Oh, but listen to that silly nonsense again with which you pule away, all over your bleeding heart, just like the typical liberal. Why, all that was thoroughly debunked long ago. Guns don’t kill people, people kill people. And if you take away our guns, or if you can’t buy more down at the Walmart, then we can’t kill them when they come after us with their guns, don’t you see? And, if they couldn’t buy guns, they’d buy knives or make bombs or use throwing stars or something. Then we’d have to become proficient at the use of throwing stars like that, and that’s hard. They’d find a way, they would, because people kill. Not guns.

You just have to build a Wall or something, you know, like in that story where the fellow cements the other guy in first before he had a chance to do it to him.

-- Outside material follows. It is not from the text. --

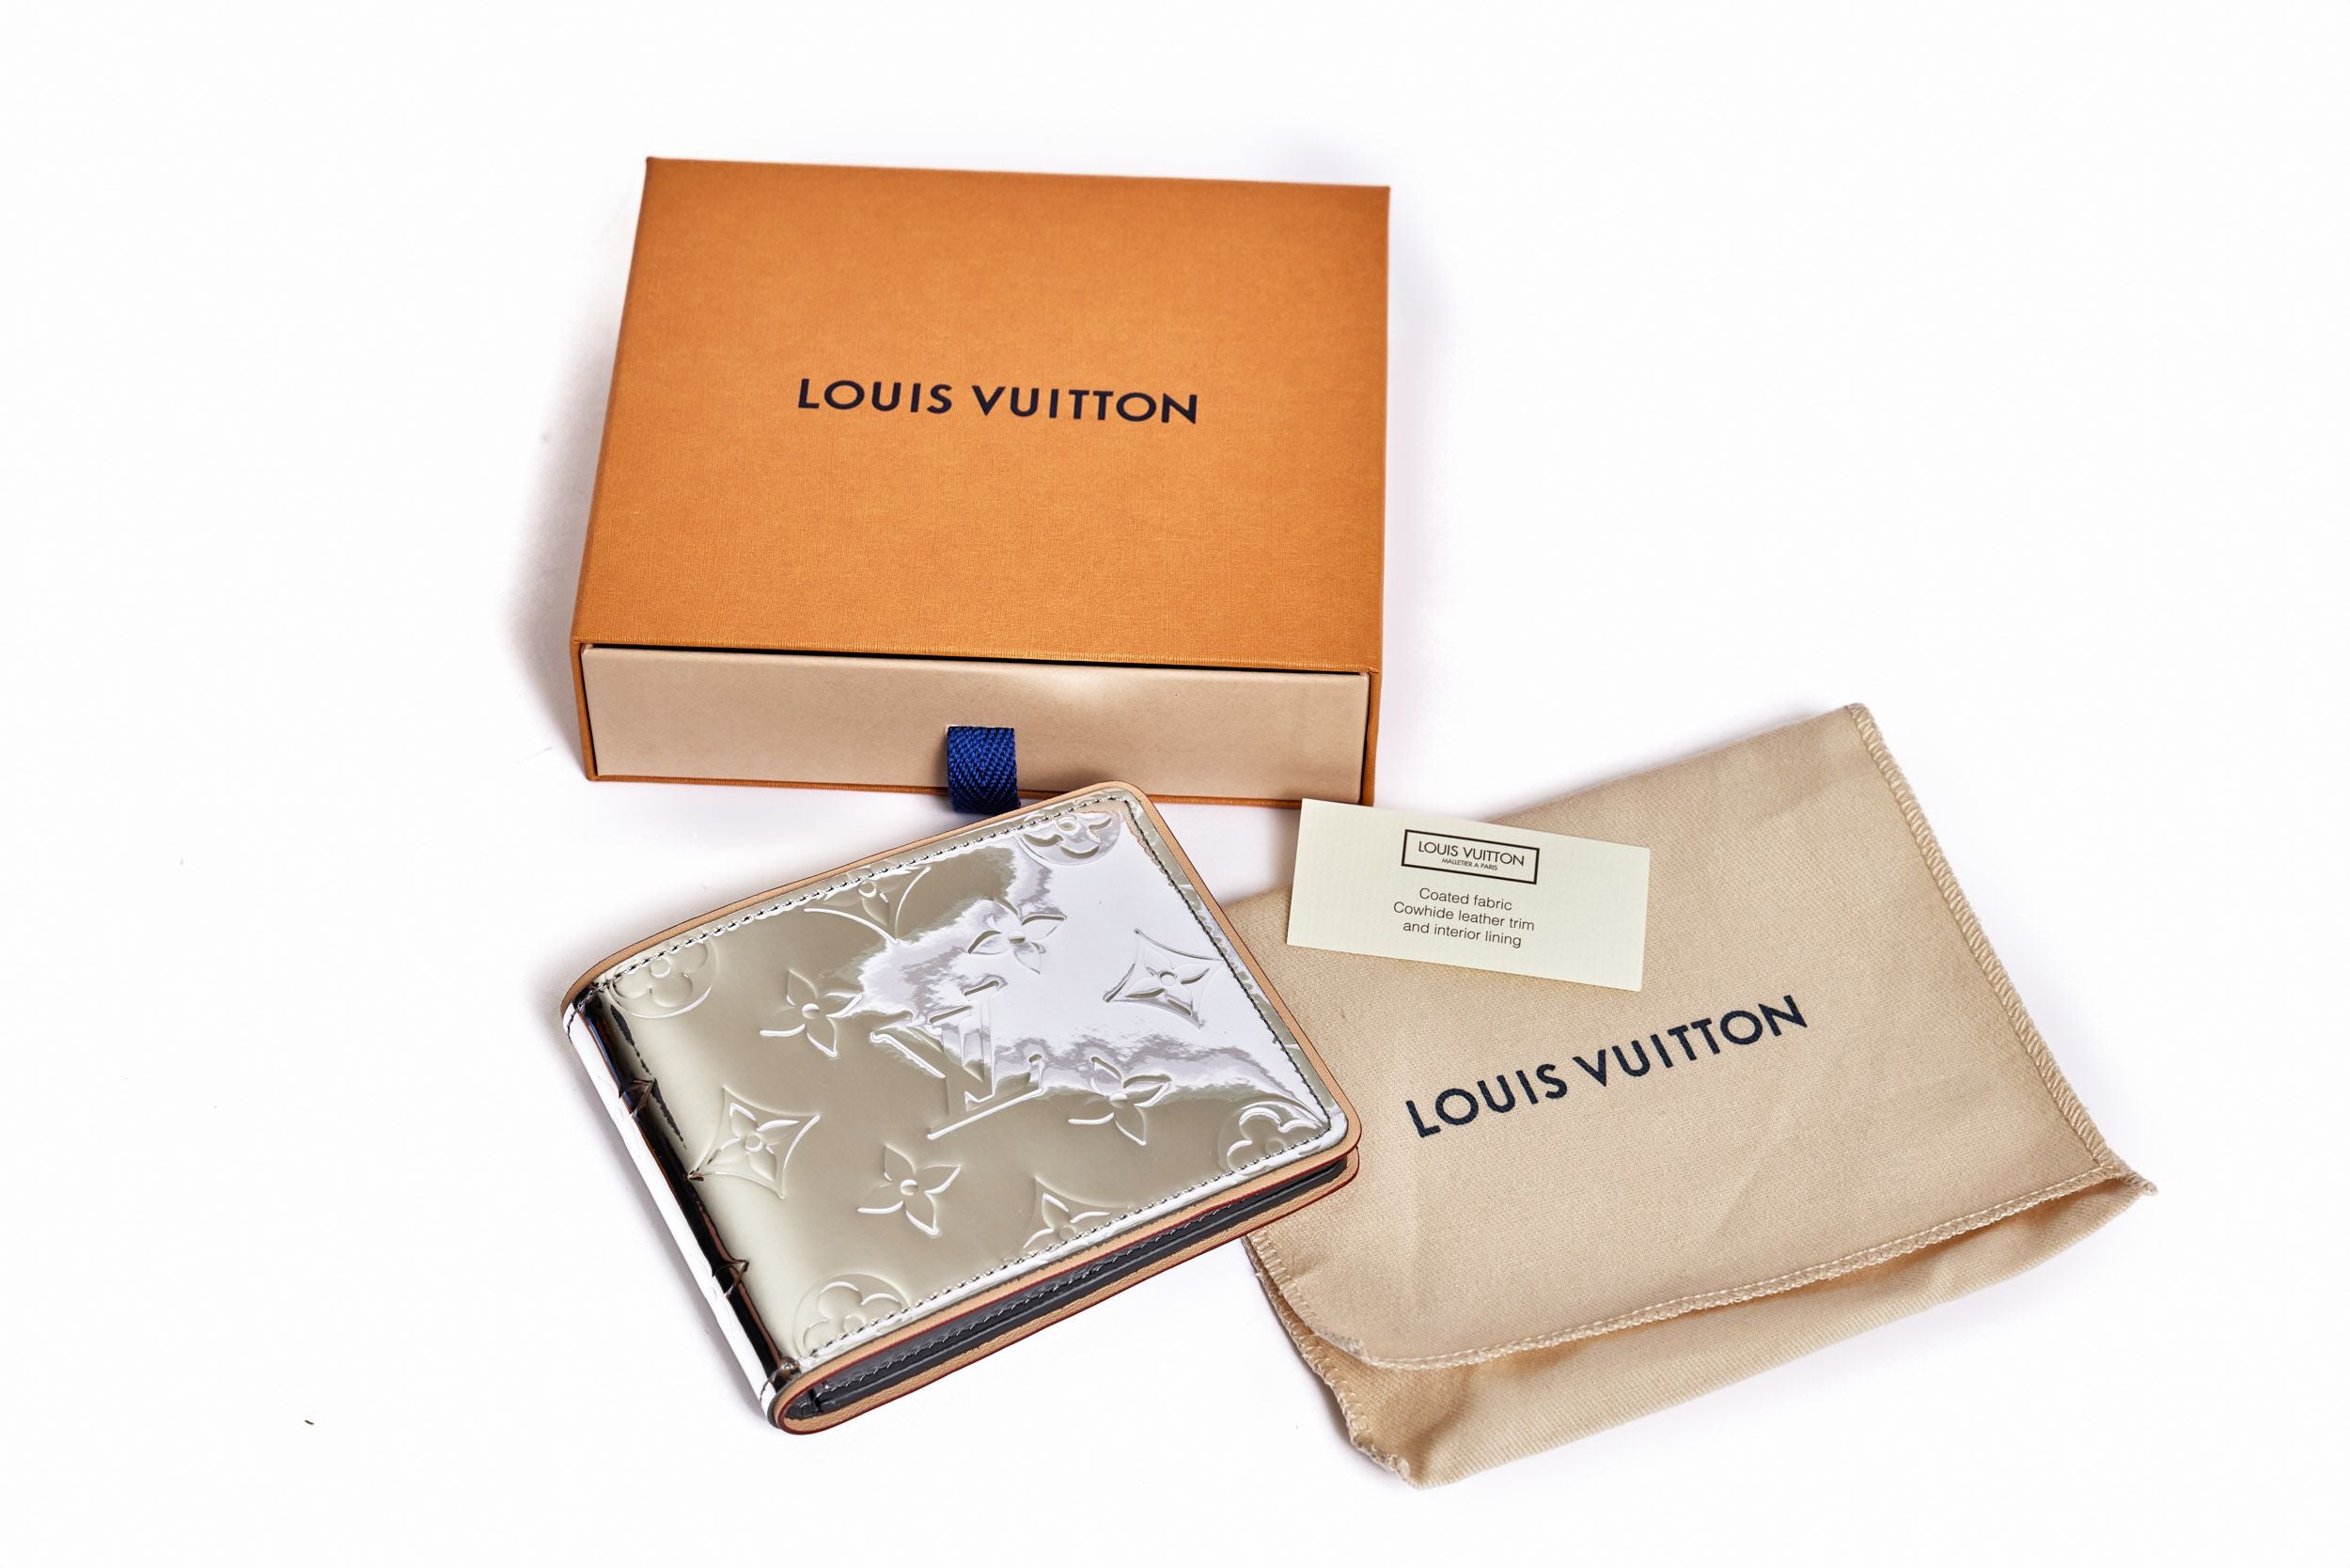 How To Spot a Fake Louis Vuitton Multiple Wallet - Brands Blogger

Yeah like that. You have to lock them up, all these people. And throw away the key.

You know?

We Out-Argue Ourselves

No, there can't be. On no rational grounds can there be traced a connection between the incipient failure of the Community Chest to raise its minimum quota and the number of murders in Charlotte last month. You can't even divide murders into pledges or abstract corpses from unresponsiveness.

But these facts, wholly unrelated as they may be, remain:

1. That the twelve agencies comprising the Community Chest are going to be cramped in their operations this year ahead; and

2. That there were five murders in Charlotte last month.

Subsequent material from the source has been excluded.